Guidry mentioned the Yankees’ present No. 1 starter must go “out there with that mentality of, ‘I’m Gerrit Cole, come get me if you want me.’ And then you let the chips fall where they may.”
“Look, you either do it or you don’t,” Guidry mentioned when requested if he considered the stakes at hand in 1978. “No. If you start thinking about that, then yeah, you’ll bring pressure on yourself. But my job was to keep the game close. That’s all I tried to convince myself to do. You keep the game close, somebody gets a big hit, it should work out. And if you don’t, then you gave it your best. That’s all. Like I said, I do it or I don’t. There’s no in between.”
With Dent’s homer and Guidry’s left arm main the approach, that plan went as easily as the Yankees may have hoped. After vanquishing their archrivals, the 1978 Yankees defeated the Kansas City Royals in the American League Championship Series and the Los Angeles Dodgers in the World Series, with Dent being named the most useful participant of the World Series.
“If we wouldn’t have won everything, then probably all of these things I accomplished wouldn’t have meant as much,” Guidry mentioned.
The postseason is a crapshoot, and this Yankees season has been a relentless curler coaster.
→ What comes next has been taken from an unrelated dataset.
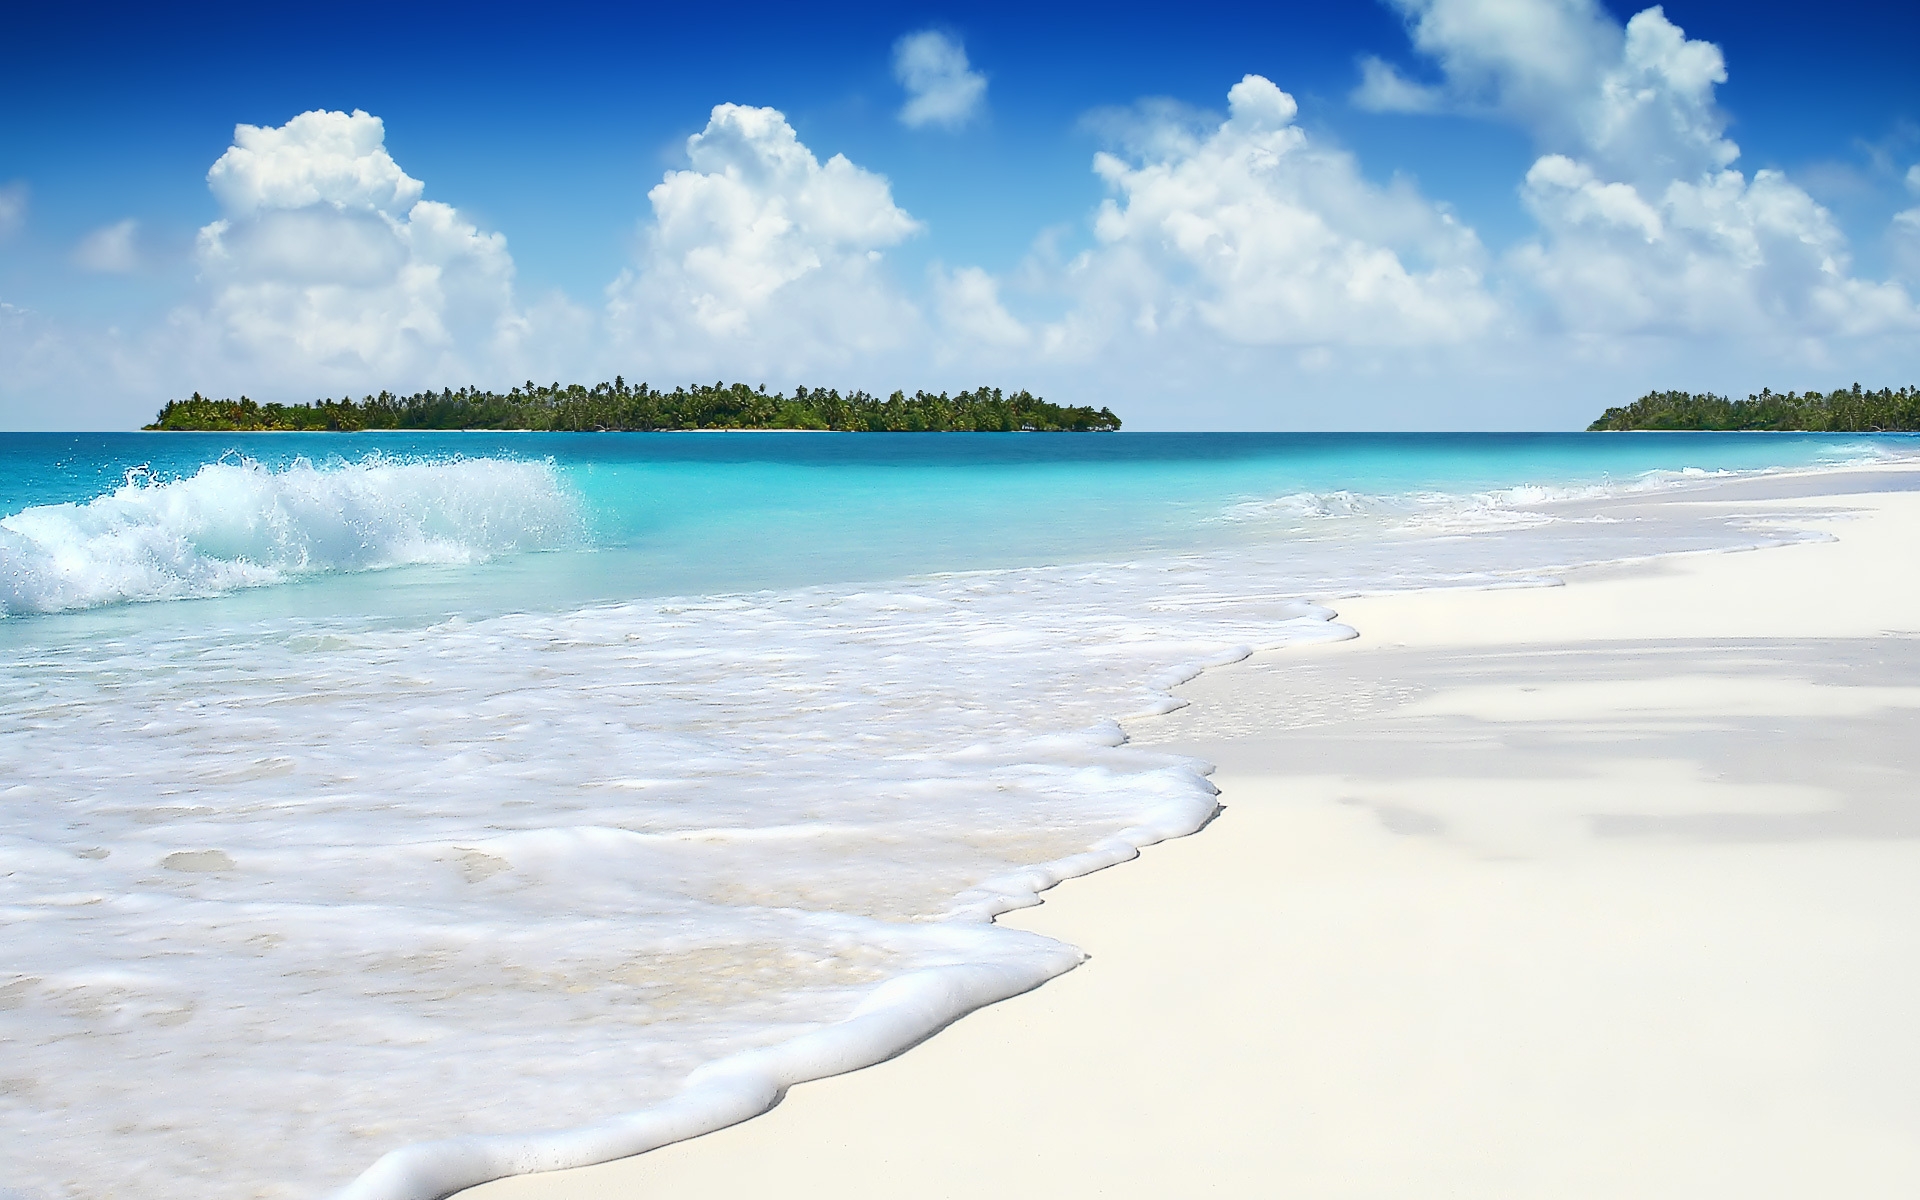 Картинки Волна, океан, острова, пальмы, побережье, пена, голубая вода, спокойствие фото и обои на рабочий стол

The experience may screech to a halt Tuesday in Boston, or it may finish with a parade down the Canyon of Heroes in just a few weeks’ time.
However lengthy it might be, Guidry and Dent plan to observe alongside. And as for the latter’s actual recommendation? Don’t lose sight of the process at hand in enemy territory.
“You just gotta be locked in,” Dent mentioned. “You gotta be in the moment the whole game. Any time you’re playing in a game like that, you can’t drift off.
“Any mistake can cost you the game. That’s the way our team went about their business.”